Inevitabile qualche slabbratura organizzativa. Peccato per la difficoltà di ascoltare gli interventi dal palco, il sistema audio era troppo debole e non raggiungeva affatto la metà della piazza. Anche perché molti, che ovviamente si sono riconosciuti nel messaggio anti Lega, avrebbero voluto capire meglio cosa è questo movimento liquido e eterogeneo. Ma alcune certezze ci sono.

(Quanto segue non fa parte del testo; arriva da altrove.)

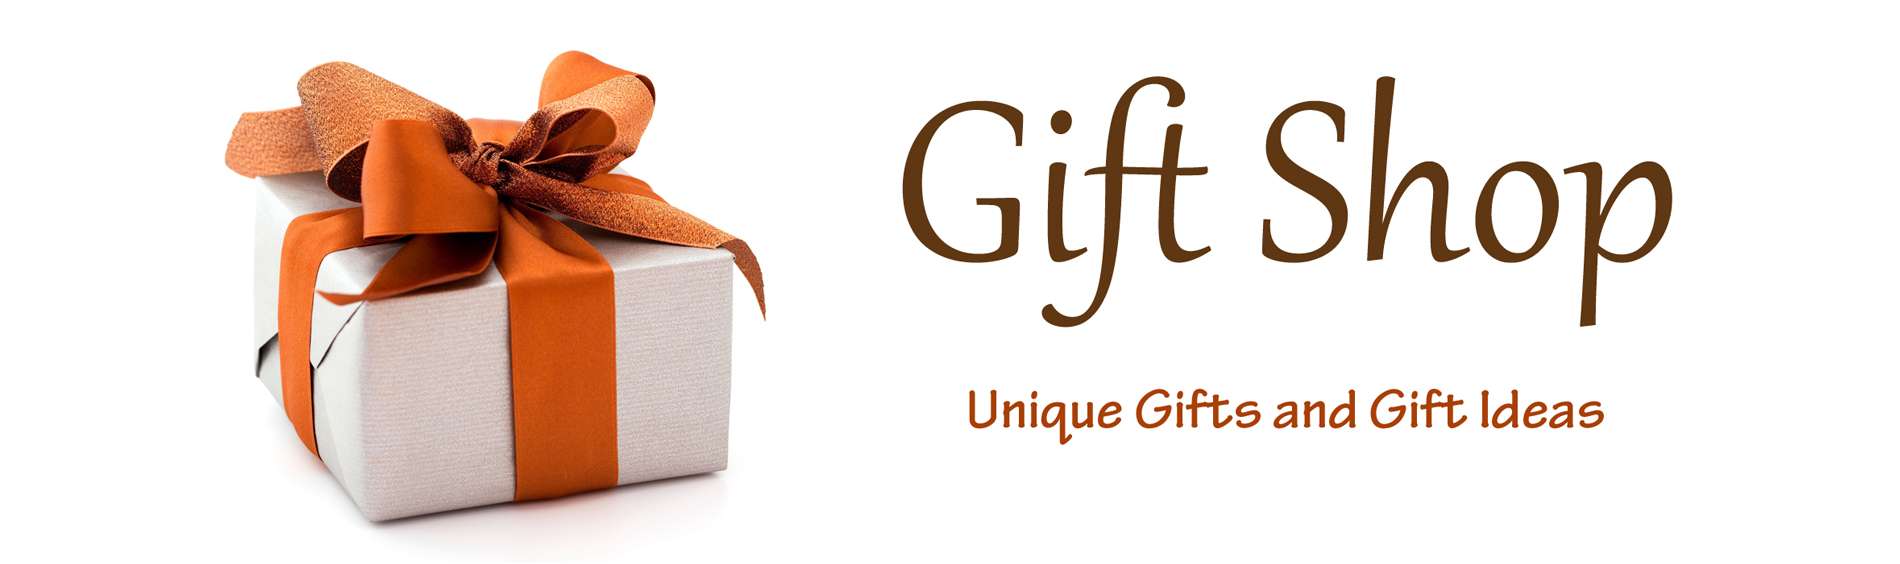 Gift Shop Box Banner FP

Ad unirlo, innanzitutto la Costituzione: “Guai a chi ce la tocca”, hanno gridato dal palco e ha risposto un boato. Ne ha parlato Carla Nespolo, la presidente dell’Anpi: “La Costituzione italiana non è afascista. E’ antifascista. E non è per caso che gli eletti debbano giurare su di essa. Non è lecito a nessuno essere razzista e antisemita. Tocca a noi con il pensiero e le parole diventare, come dice Liliana Segre, le sentinelle della memoria. Cari ragazzi riappropriatevi del vostro futuro. Di un mondo dove il pensiero conta. Sono certa di quello che direbbero i partigiani: teniamoci per mano, assieme ce la faremo a cambiare la vita democratica del paese”. E qualcuno grida dal palco: “Siamo noi i partigiani del 2020″.
“La politica ritrovi la strada dell’umanità – ha detto Pietro Bartolo, medico dei migranti a Lampedusa e europarlamentare – dobbiamo tornare a essere l’Italia dei grandi valori e non delle disuguaglianze. Questa piazza ci dice che dobbiamo voltare pagina. Insieme dobbiamo resistere e ritrovare la strada maestra, quella dell’umanità. Non sono accettabili leggi che criminalizzano chi salva le persone, vanno contro la Costituzione. Sono una vergogna”.
Questo è un tema caldo e unificante. Via i decreti sicurezza, tutti e due. Sì alla cittadinanza per le seconde generazioni. Le sardine nere, gruppo nato a Napoli, chiedono con perfetta cadenza partenopea diritti e documenti, e basta allo sfruttamento. Poi lo ribadisce anche Mattia Santori, il frontman del movimento: via i decreti sicurezza, no alla politica fatta di paura. E ribadisce: le piazze hanno preso la forma dell’antifascismo e della lotta alla discriminazione. Con mezzi ignoti al sovranismo bieco: la gratuità, l’arte, il racconto e il rispetto della diversità. Le sardine non sono mai veramente esistite, noi siamo persone capaci di distinguere la politica dal marketing. Chi è eletto faccia politica nelle sedi istituzionali. I ministri comunichino solo attraverso i canali istituzionali. Ci sia trasparenza nell’uso dei social network e su chi finanzia le pubblicazioni da parte dei politici”. E questa volta, aggiunge, abbiamo vinto 113 piazze a zero.
Intanto in piazza parlano gli slogan. Da “Non mi sta bene che no”, la frase del ragazzo ai truci di Casa Pound, a “Basta odio, indifferenza, razzismo”, “Non vogliamo un uomo solo al comando, ma l’umanità. E poi, perché non una donna?”. E infine il conclusivo: “Sardine di tutto il mondo unitevi”. Sta accadendo, se almeno in venti città d’Europa sono scese in piazza in contemporanea con Roma sardine di ogni Paese.